3. I consider that in section 5.6 the DNA extraction process should be explained in a brief summary.
4. Why do you carry out the experiments infecting with L. infantum? dogs are usually affected by L. tropica or L. major
Author Response
Please see the attachment.
Author Response File: Author Response.pdf
Round 2
Reviewer 1 Report
The work improved a lot, however, the scheme of treatment needs to be rewritten.
For example: on day, animals received [A] ug of L.b whole antigen plus [B] of MPL; on day 2 [C] ug of L.b whole antigen plus [D] of MPL, etc. If the authors will not wish to detail this scheme in the text, at least add a table containing how the whole treatment was performed.
I am asking that because if other groups want to replicate this experiment, it will not be possible because details are missing.
Author Response
Dear Reviewer#1,
As Suggested we rewrite and improve the description of the treatment scheme as follows:
In the first series of treatment, dogs received increasing concentrations of the vaccine antigen as described: day 1, dogs received 60 μg of L. braziliensis antigen protein + 5 μg of MPL in 1 mL of sterile 0.9% saline; day 2, dogs received 120 μg of L. braziliensis antigen protein + 10 μg of MPL in 1 mL of sterile 0.9% saline; day 3, dogs received 180 μg of L. braziliensis antigen protein + 15 μg of MPL in 1 mL of sterile 0.9% saline; day 4, dogs received 240 μg of L. braziliensis antigen protein + 20 μg of MPL in 1 mL of sterile 0.9% saline; day 5, dogs received 300 μg of L. braziliensis antigen protein + 25 μg of MPL in 1 mL of sterile 0.9% saline. From day 6 to day 10, dogs received 300 μg of L. braziliensis antigen protein + 25 μg of MPL in 1 mL of sterile 0.9% saline, daily and 10 days of interval was given for the second series. In second and third series, 300 μg of L. braziliensis antigen protein + 25 μg of MPL in 1 mL of sterile 0.9% saline was injected by subcutaneous route daily for 10-days with 10 days of interval between each series [17]. A similar treatment regimen was used for the adjuvant alone (MPL group). In the first series of MPL treatment, dogs received increasing concentrations of the adjuvant as described: day 1, dogs received 5 μg of MPL in 1 mL of sterile 0.9% saline; day 2, dogs received 10 μg of MPL in 1 mL of sterile 0.9% saline; day 3, dogs received 15 μg of MPL in 1 mL of sterile 0.9% saline; day 4, dogs received 20 μg of MPL in 1 mL of sterile 0.9% saline; day 5, dogs received 25 μg of MPL in 1 mL of sterile 0.9% saline. From day 6 to day 10, dogs received 25 μg of MPL in 1 mL of sterile 0.9% saline, daily and 10 days of interval was given for the second series. In second and third series, 25 μg of MPL in 1 mL of sterile 0.9% saline was injected by subcutaneous route daily for 10-days with 10 days of interval between each series [17].

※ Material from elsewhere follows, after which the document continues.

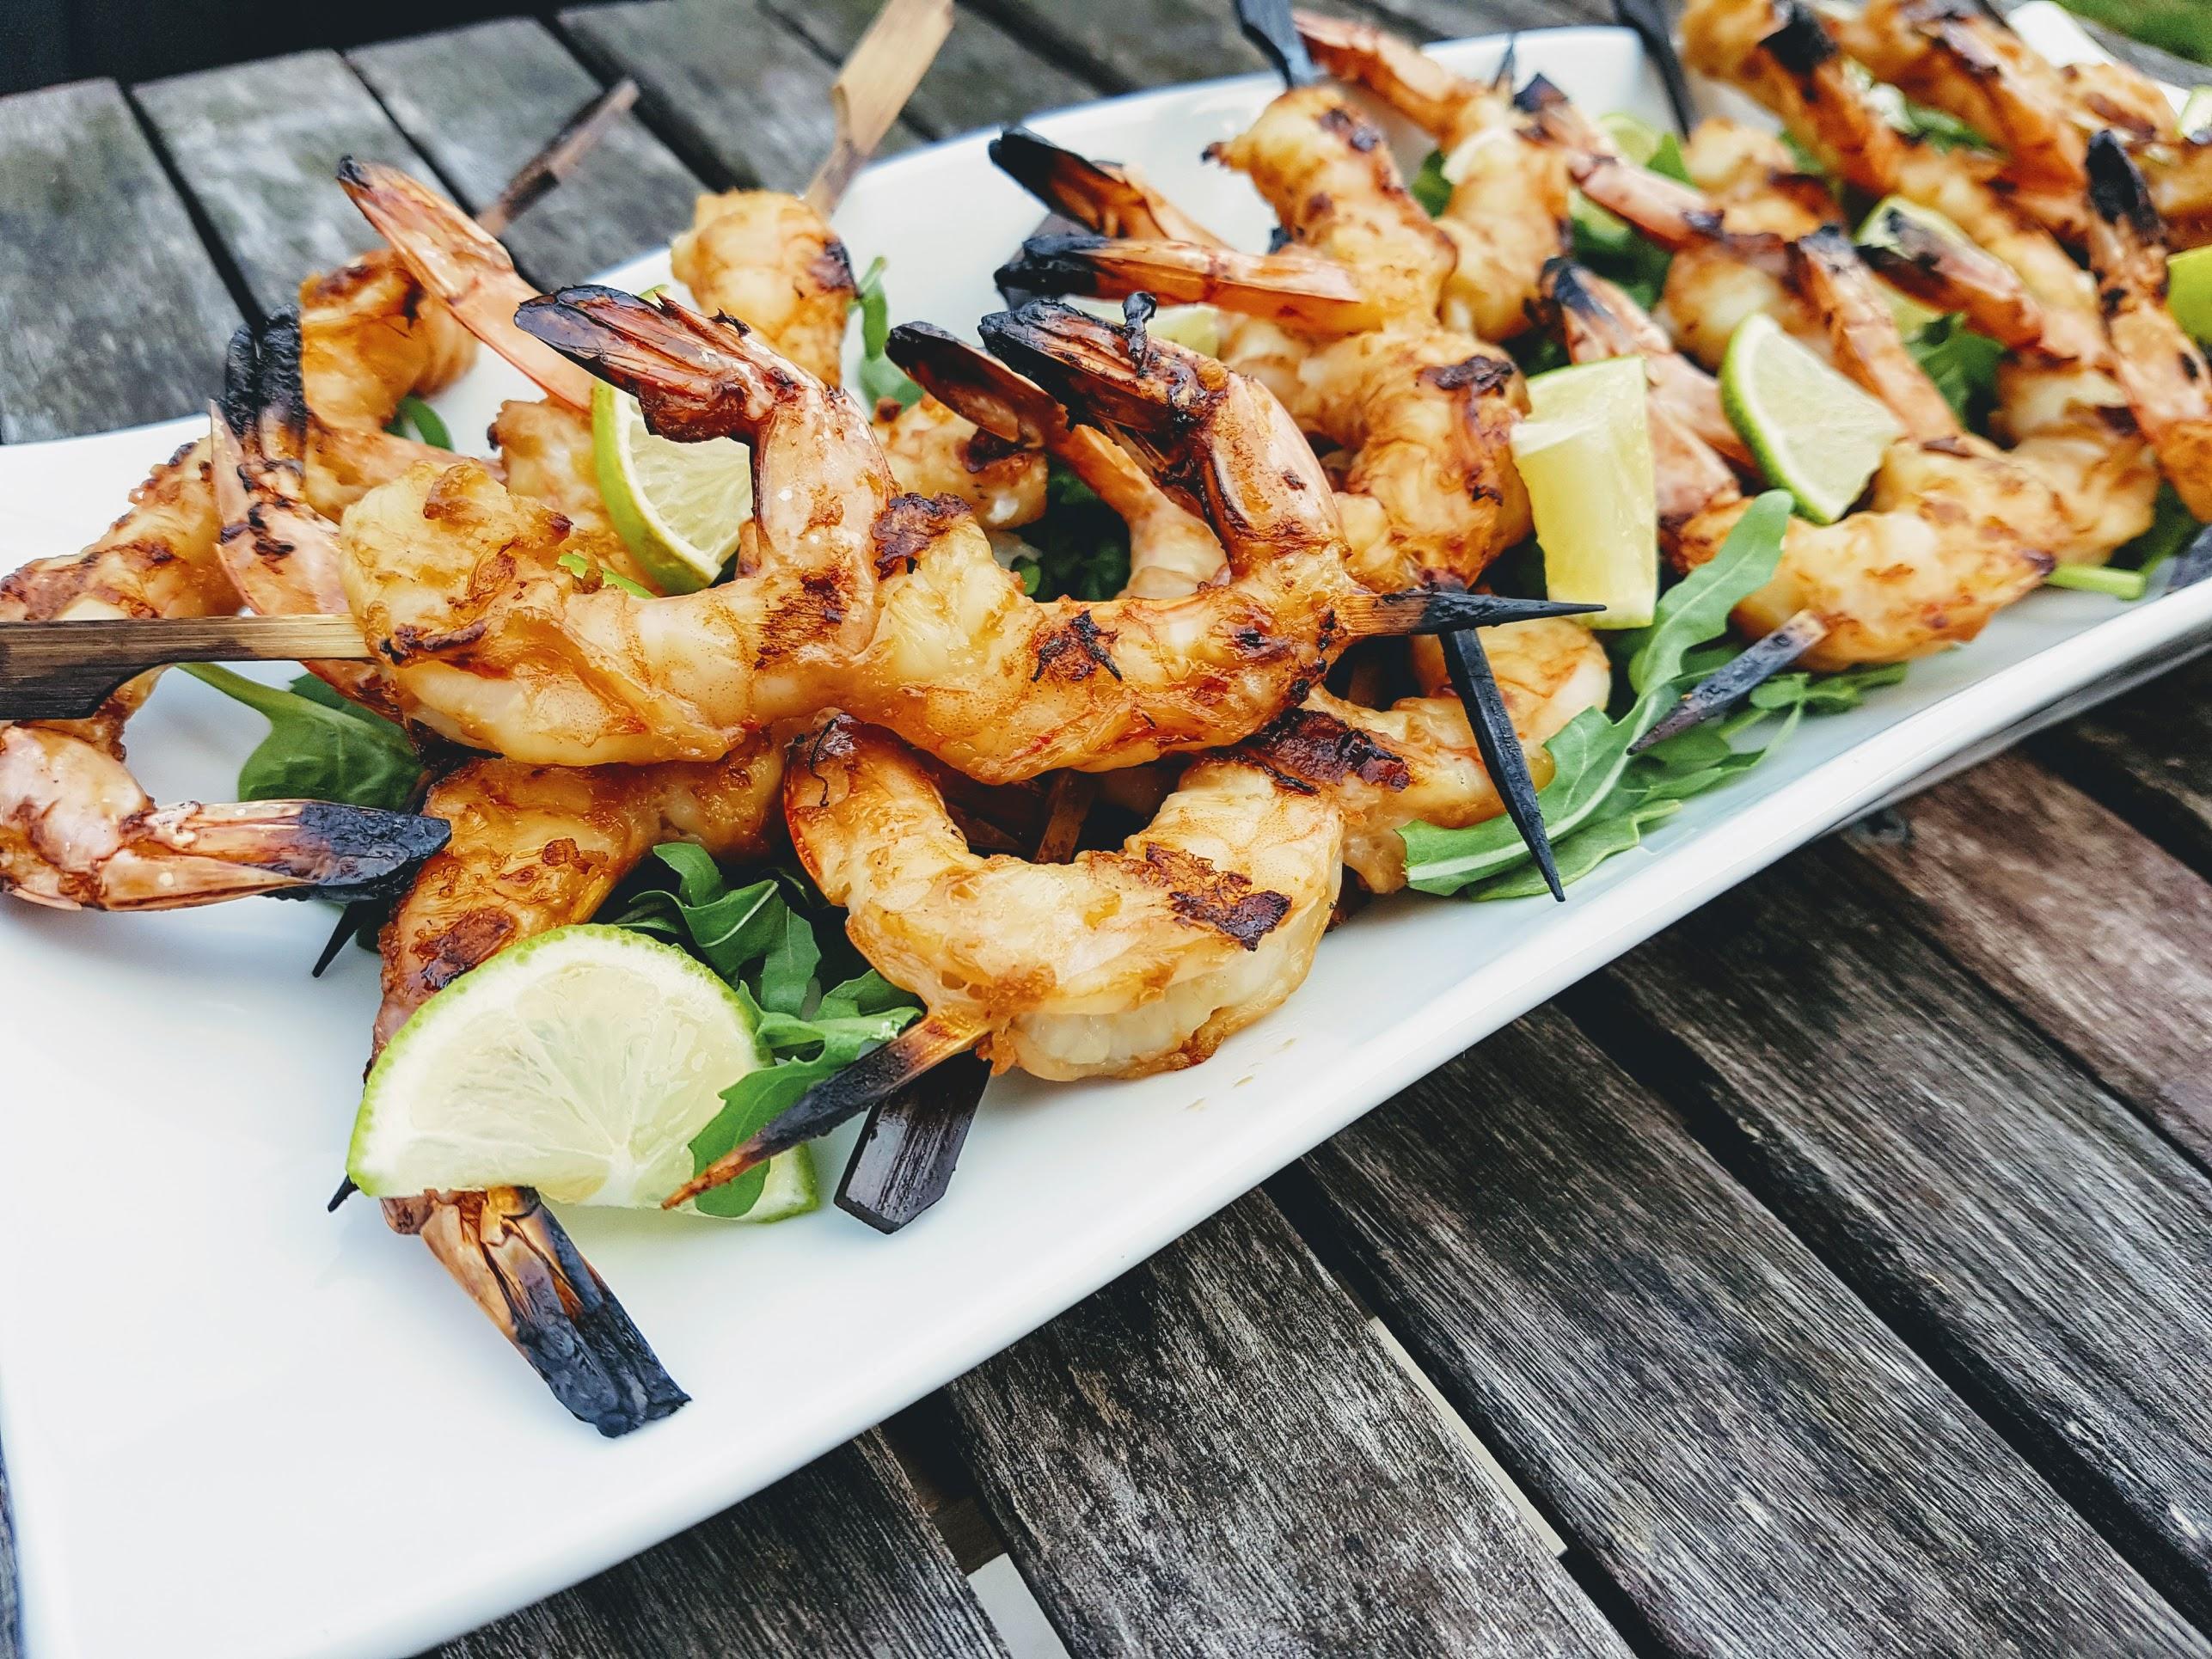 Pile of grilled shrimp skewers on a bed of arugula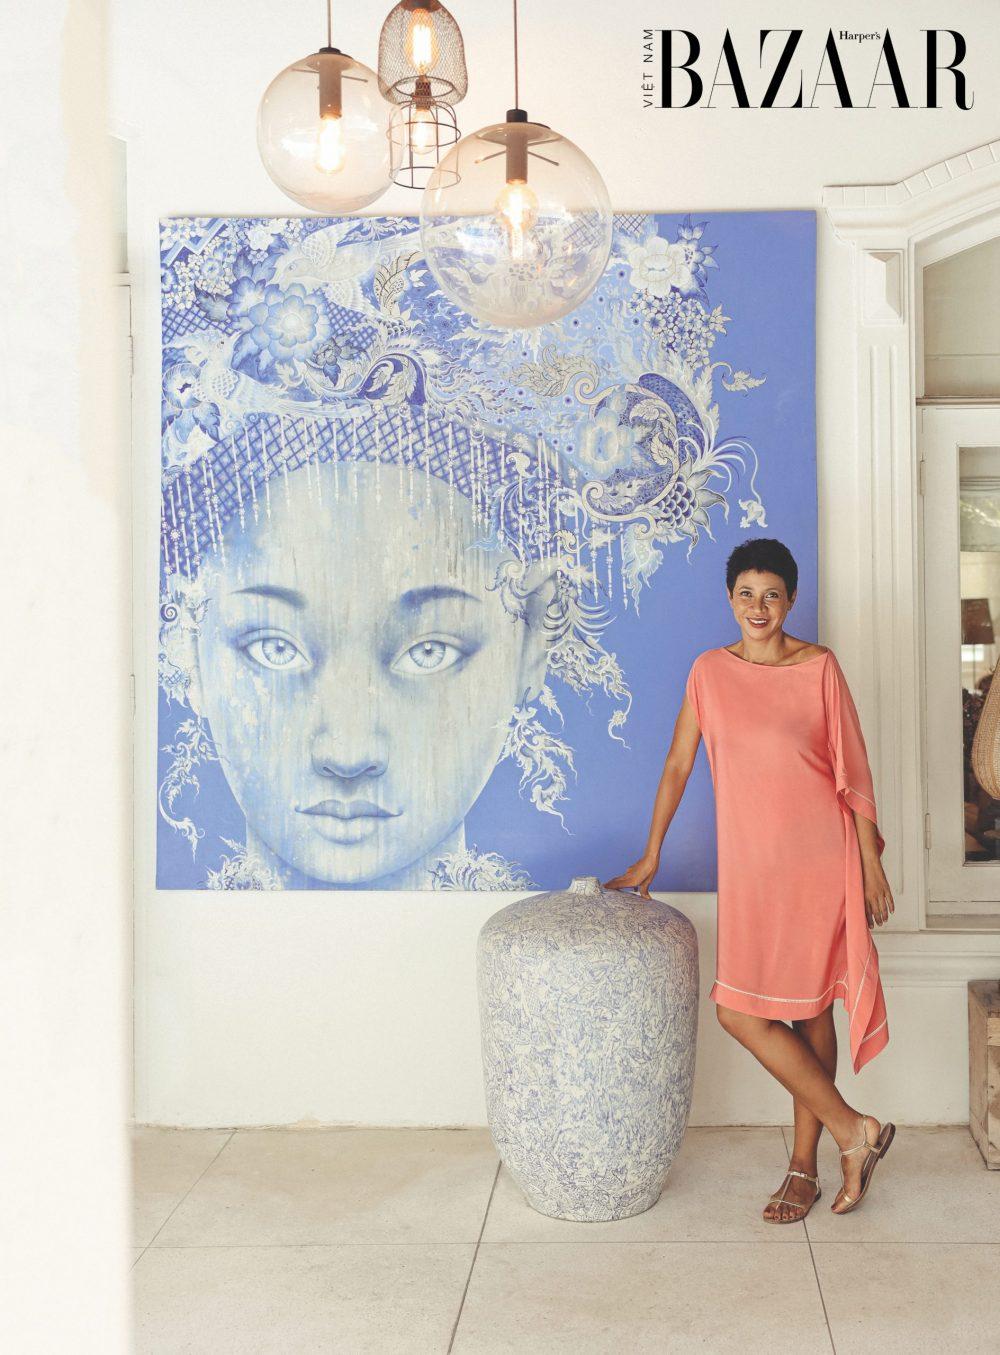 Marielle sinh ra ở Madagascar. Cô gái đảo quốc châu Phi chuyển đến Pháp sinh sống từ năm 17 tuổi. Năm 2006, chị cùng gia đình đến Việt Nam. Là người đầy sức sống và yêu sáng tạo, 2 Mariella đã tự thiết kế lại khuôn viên sống rộng gần 1.000m mà chưa từng học qua lớp kiến trúc nào.

We believe that the requested changes and the contributions of the Reviewer#1 have significantly improved the quality and understanding of our manuscript. We would like to thank the Pathogens members for your attention in revising this article and hope that it is now compatible with the high quality of Pathogens prints and that the revised version is now acceptable for publication.